Name Virginia Douglas | ||
Virgina Douglas of "Yes, Virginia, there is a Santa Claus
Virginia I. Douglas (born January 28, 1927) is a Canadian psychologist and emeritus professor at McGill University. In the early 1970s, Douglas contributed to attention deficit hyperactivity disorder (ADHD) research by highlighting the presence of marked deficits in sustained attention and impulse control in children with this disorder. Previous to Douglas’ 1972 article Stop, look and listen: The problem of sustained attention and impulse control in hyperactive and normal children, ADHD was referred to as hyperkinesis. It was widely believed that hyperactivity, not attentional problems, was the main factor underlying this disorder. As a result of Douglas’s research, attention deficit disorder (ADD) with or without hyperactivity was included in the third edition of the Diagnostic and Statistical Manual of Mental Disorders (DSM-III). in 1980.
Contents
Douglas served as the president of the Canadian Psychological Association in 1971. Over the course of her career she has received numerous honors and awards, including the Canadian Psychological Association Gold Medal for Distinguished Lifetime Contributions to Canadian Psychology in 2004.
Early life
Douglas was born in London, Ontario. Douglas attended Smiths Falls High School in Smiths Falls, Ontario. After graduating, she moved to Kingston to study at Queen’s University. She completed her Bachelor of Arts in 1948, only discovering the subject of psychology in the final year of her undergraduate degree. Douglas attended the University of Michigan, where she completed two master's degrees: one in social work and the other in psychology. She obtained her PhD in psychology in 1958.
Career
During graduate school, her interests focused on defense mechanisms in adults. However, after moving to Montreal to take a position as a professor at McGill University, she was required to complete a clinical workshop at the Montreal Children's Hospital. Influenced by this workshop, her research interests shifted to the study of ADHD, which was, at the time, referred to as hyperkinesis. While at McGill, she met Donald Hebb, an influential Canadian psychologist specializing in neuropsychology. She cited him as an important professional influence:
“When I developed an interest in childhood hyperactivity while working at the Montreal Children’s Hospital, I found several of my colleagues at McGill interested in the questions I wanted to answer, and ready to help. Although I had been warned that Donald Hebb, a world-renowned physiological psychologist, was ‘anti-clinical’, he proved to be a gently ironic source of wisdom and perspective”.In 1971, in a Presidential Address to the Canadian Psychological Association, Douglas presented her theory that deficits in sustained attention and impulse control were more likely to account for the difficulties of children with hyperkinesis than hyperactivity. Based on her research at the Montreal Children’s Hospital, Douglas argued that children with the disorder experienced deficits in sustained attention that could even emerge under conditions where no distractions existed. Douglas’s research and ideas were published the following year in the seminal article Stop, look and listen: The problem of sustained attention and impulse control in hyperactive and normal children. This paper became the most cited in the field and shifted the focus of hyperkinesis research from hyperactivity to attentional problems.

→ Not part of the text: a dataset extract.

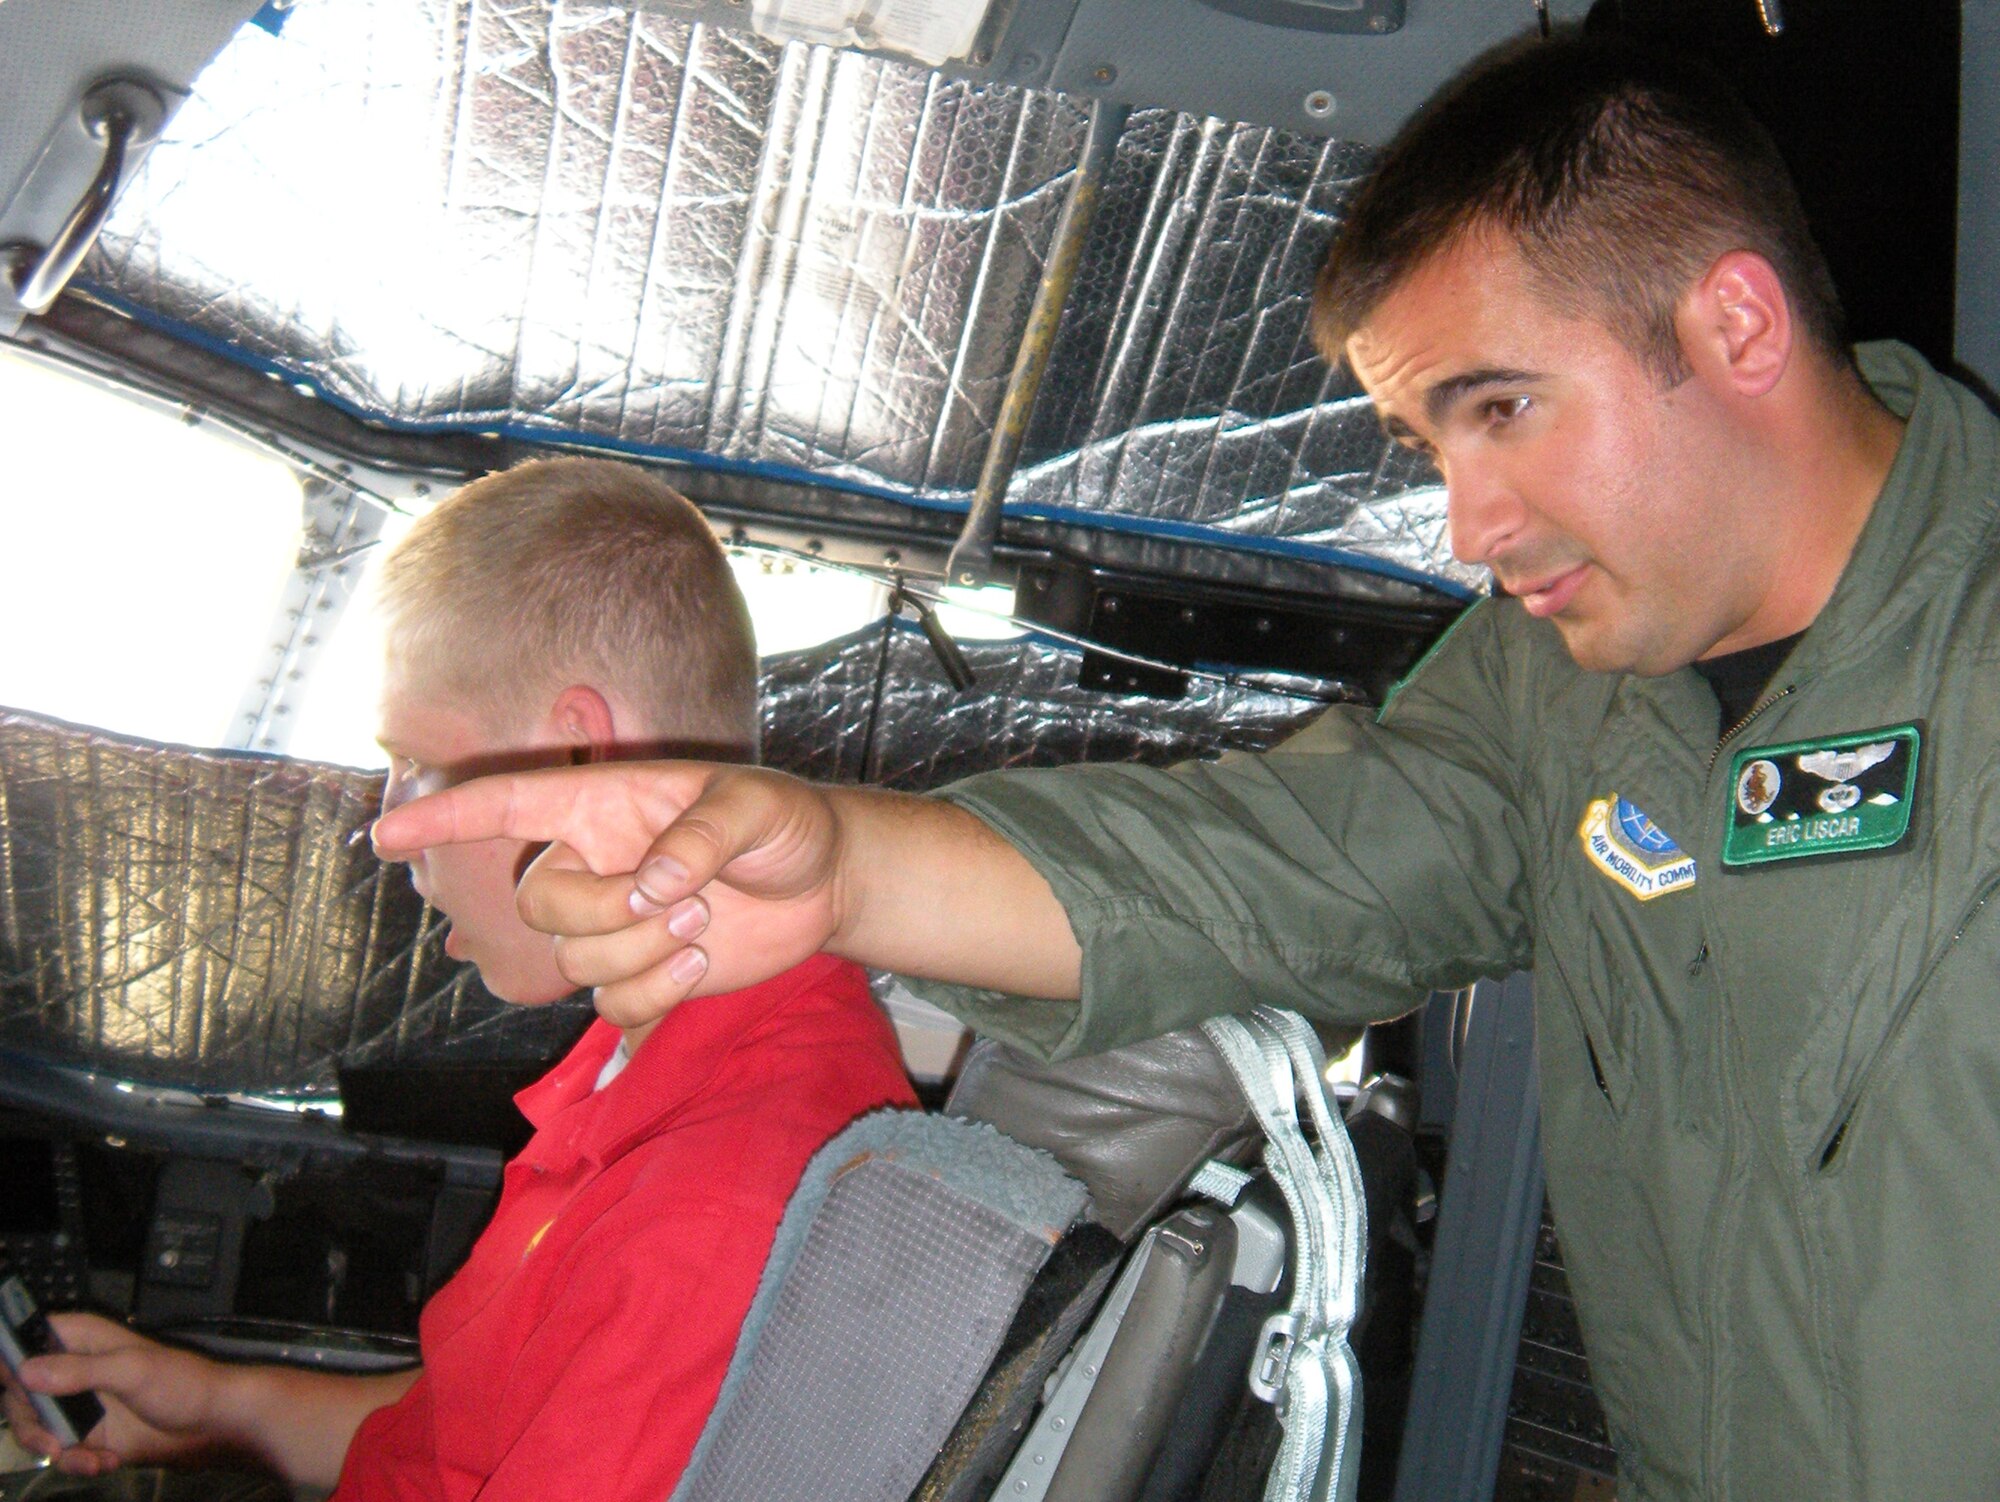 1st Lt. Eric Liscar, an Active Duty C-130 Hercules pilot, highlights different aircraft controls to members of Boy Scout Troop 65 Aug. 4 at Peterson Air Force Base, Colo. The River Forest, Ill.-based scout group visited the Air Force Reserve's 302nd Airlift Wing during their stay in Colorado Springs, Colo. The Boy Scouts were also briefed on the wing's aerial firefighting mission as the 302nd AW is the only AF Reserve organization tasked with supporting the Modular Airborne Firefighting System. Lieutenant Liscar is assigned to the 52nd Airlift Squadron, an Active Duty organization associated with the 302nd AW. (U.S. Air Force photo/Rebekah Williamson)

In 1980, with the advent of the DSM-III, Douglas was one of the researchers responsible for the inclusion of ADD with or without hyperactivity. This new definition allowed children with purely attentional deficits greater access to medical resources.
Work
Douglas's research on ADHD expanded to the areas of learning, perception, cognition, memory, and neuropsychology. Following her paper, “Stop, look, and listen,” Douglas proposed a three-component model of self-regulation to explain the cognitive and motor deficits associated with ADHD. The three components were attentional, inhibitory, and strategic or organizational. Douglas theorized that deficits in any one of these components might contribute to the difficulties experienced by individuals with ADHD.
Douglas emphasized the importance of correctly identifying which of the three components underlies symptom-related behaviour in any given individual with ADHD. For example, performance failure may be falsely attributed to executive problems (e.g. working memory) when the fundamental problem is a deficit in attention (e.g. the effortful aspect of cognitive processing) or inhibitory control (e.g. the inability to inhibit a prepotent response). Douglas also pushed for the use of rigorous, laboratory-based measures to identify specific deficits in the three self-regulatory components.
Douglas’s more recent research has focused on pharmacotherapy, and, more specifically, on the effects of methylphenidate on task performance, impulsivity, cognitive training, and reinforcement in children with ADHD.